Every stutter is a teacher. It teaches things like self-kindness, patience, flexibility, and empathy. We’re all works in progress, and there are many ups and downs in our journeys, but stutters have so much to offer us along the way.
There’s still a lot we don’t know about stuttering. As a PWS, I have mixed feelings about this. On one hand, it frustrates me. I want to understand why! I mostly want to understand why I my stuttering is so erratic. Why are some days mostly smooth-sailing, while some moments are more of a hot mess? Why does the same word fly out easily in one sentence and get stuck like glue in the next one? Why are certain letters my kryptonite, time and time again...but not all the time?

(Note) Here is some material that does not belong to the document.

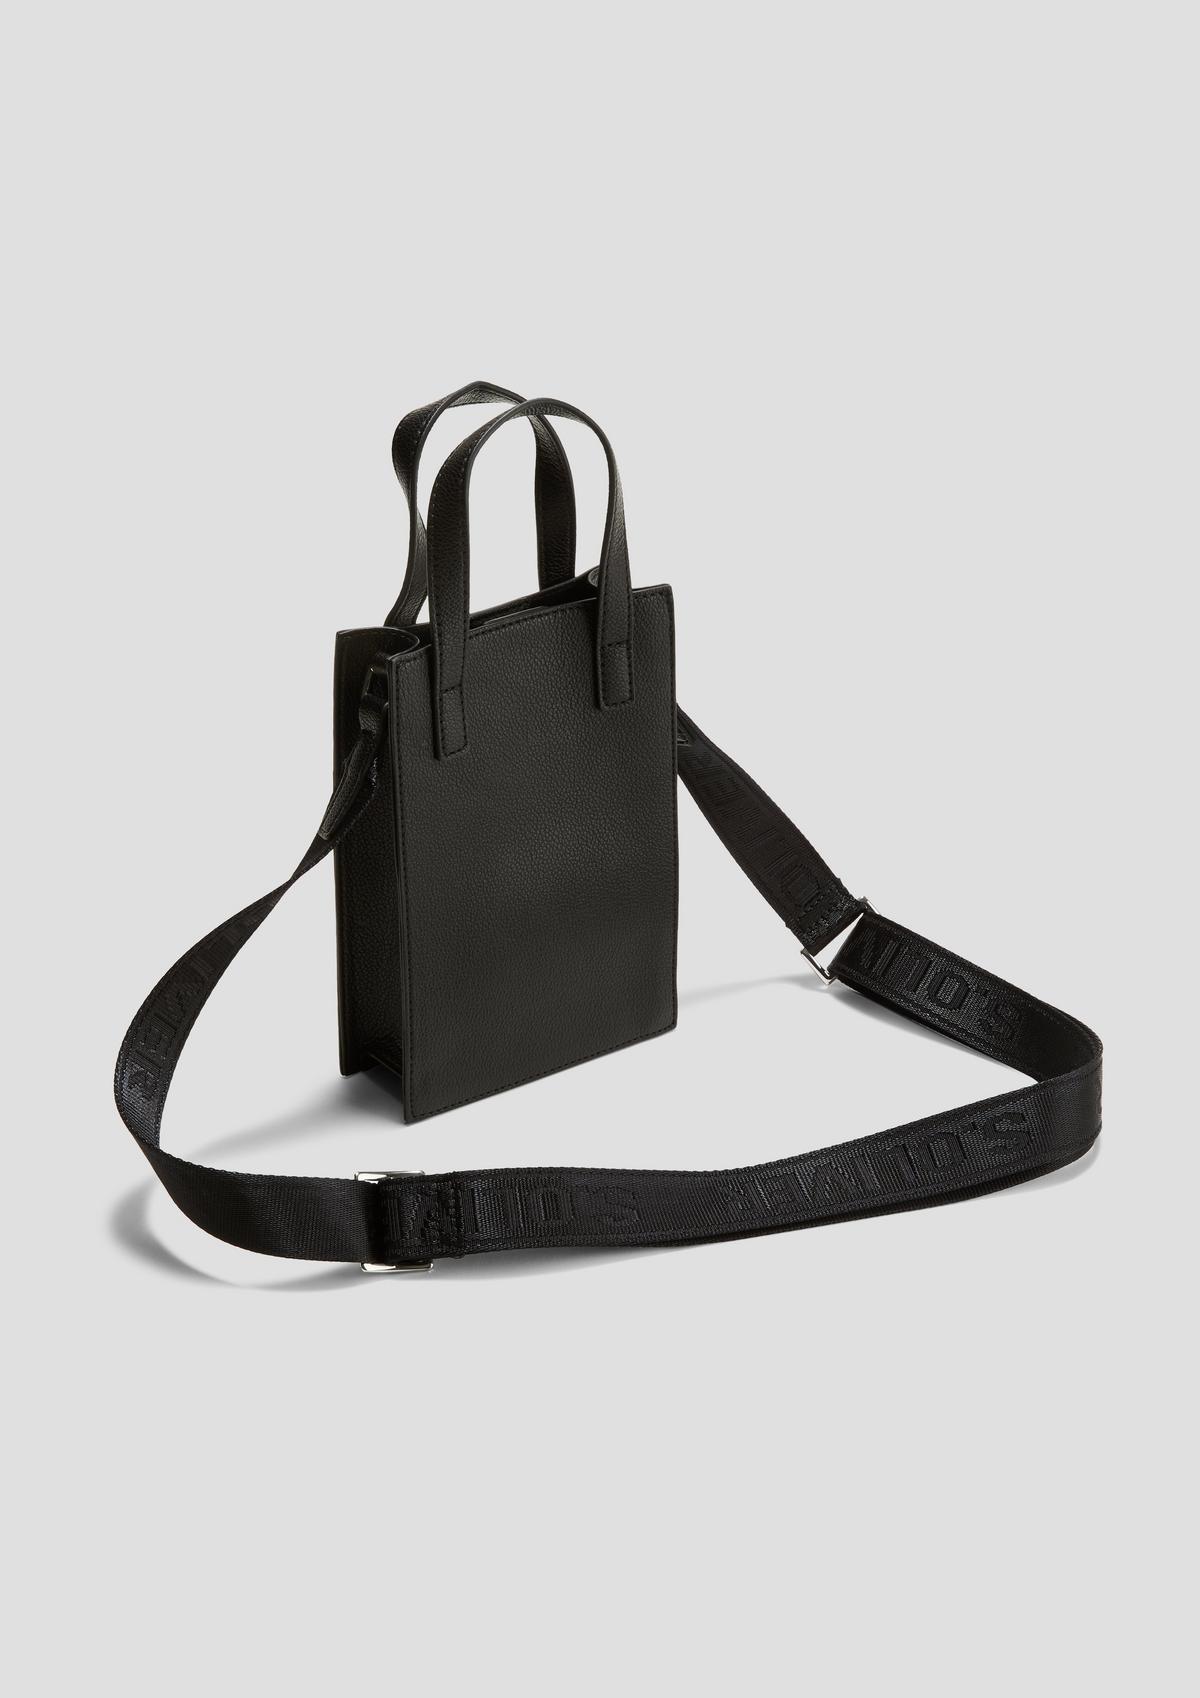 s.Oliver Cross-body bag with an adjustable shoulder strap

Still, I’m continuing to work on appreciating my stutter for what it offers me and for how it has helped shape me as a person.
So, there you go: a humble attempt to wrap up four astoundingly eloquent and inspiring interviews in a (somewhat) bite-sized bow. What are the biggest takeaways?

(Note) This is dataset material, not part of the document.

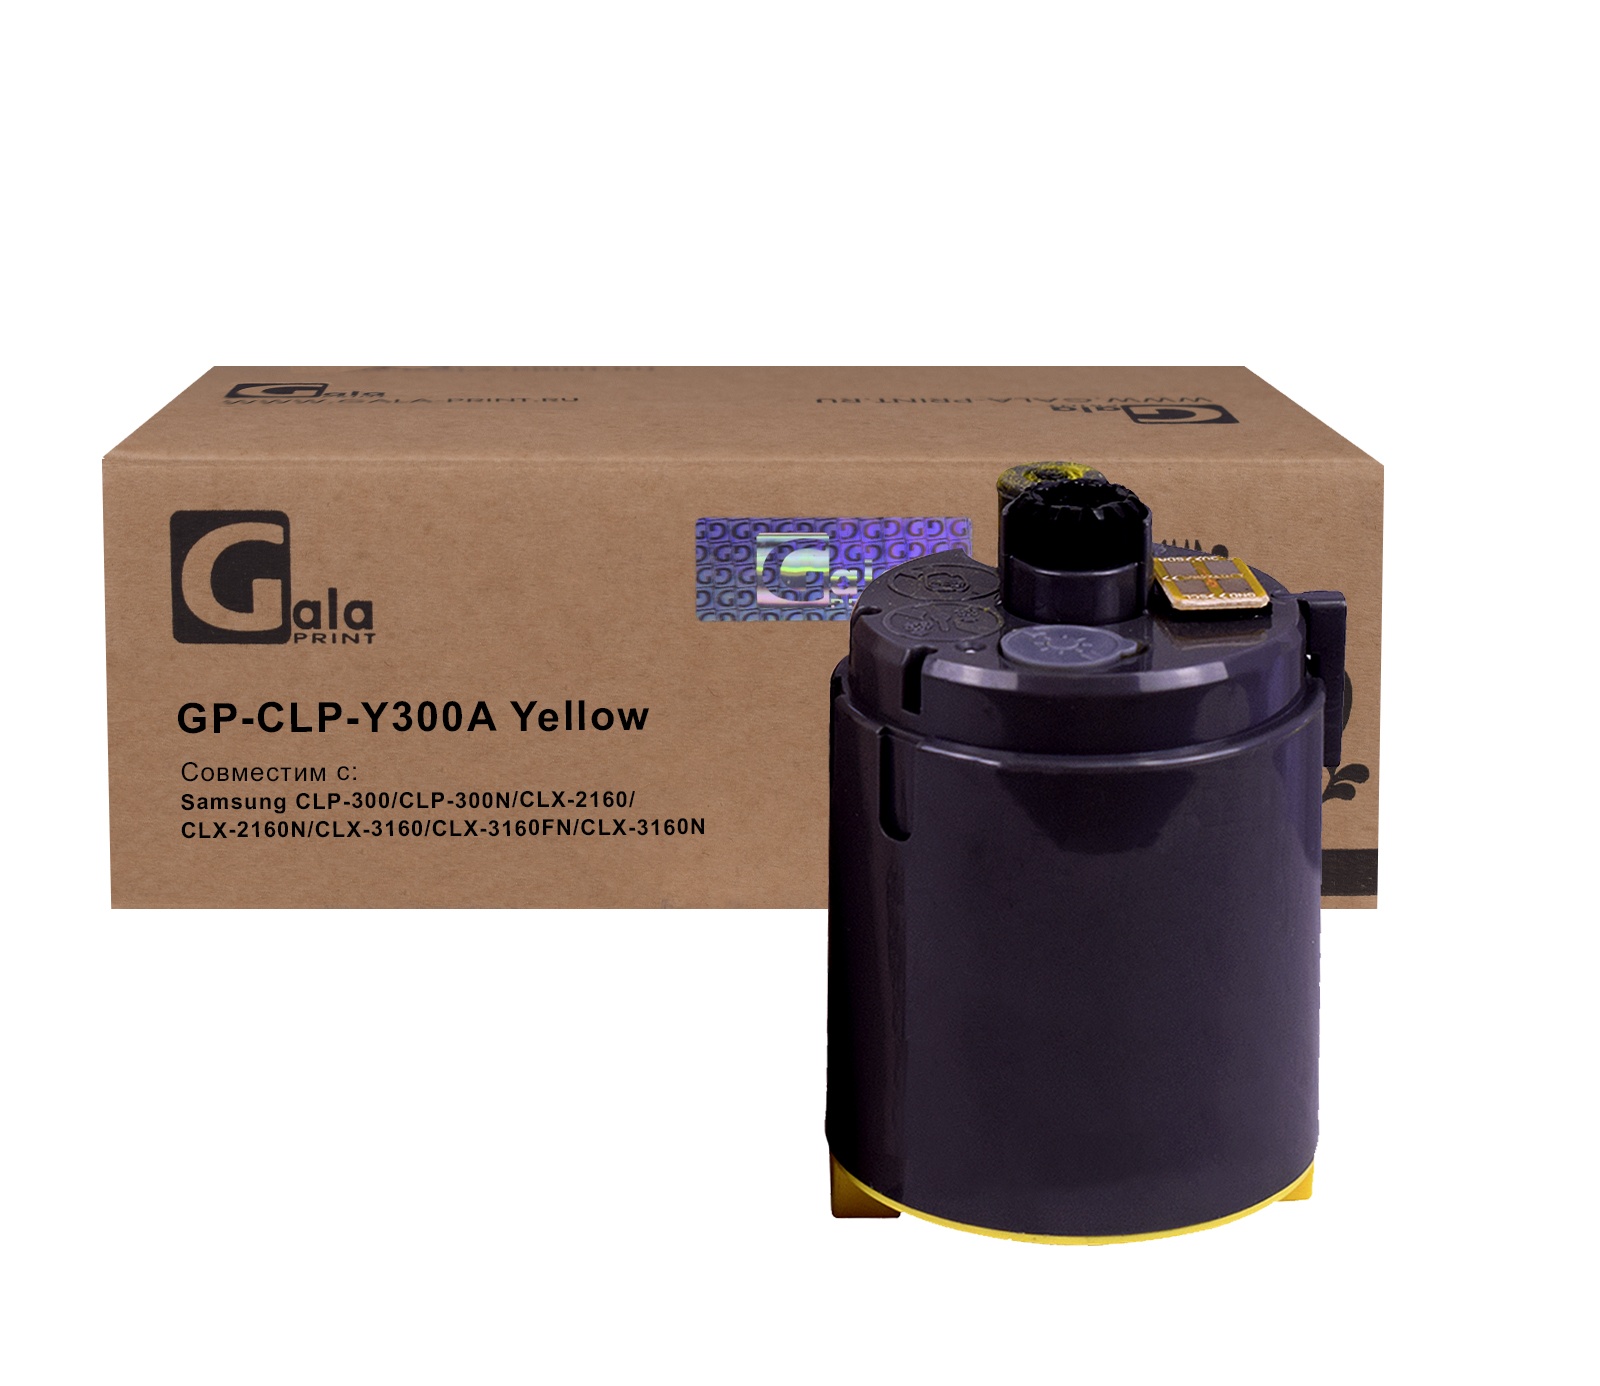 Картридж GP-CLP-Y300A для принтеров Samsung CLP-300/CLP-300N/CLX-2160/CLX-2160N/CLX-3160/CLX-3160FN/CLX-3160N Yellow 1000 копий GalaPrint

First of all, stuttering is not black and white. It’s an intricate mosaic of color and sound and texture. It ebbs and flows, and it has peaks and valleys. It’s nuanced. It can be particular and downright sneaky, but it can also be liberating and magnanimous. As SLP and PWS Caryn Herring shared, “It’s not a linear path. There are still days or conversations where I think, ‘Wow. That was really hard,’ or when I choose not to say everything I want to say. I let myself have that! I don’t have to be a ‘perfect stutterer’ all the time.”
Stuttering also reminds us to practice self-kindness, and it reminds us to challenge ourselves in ways that help us learn and grow. Those moments when I stutter openly are just as empowering as those moments when I dance nimbly around and through an oncoming stuck point and arrive at seamlessly eloquent impact.
Finally, stuttering is the epitome of an authentic voice. From what we understand, it’s some sort of neural misfiring ingrained in our synapses. In other words, it’s literally part of who we are, so we might as well embrace it as a friend. Life’s too short to fight yourself.
With that, thanks for stopping by. And keep sharing your stories, because someone wants to hear them.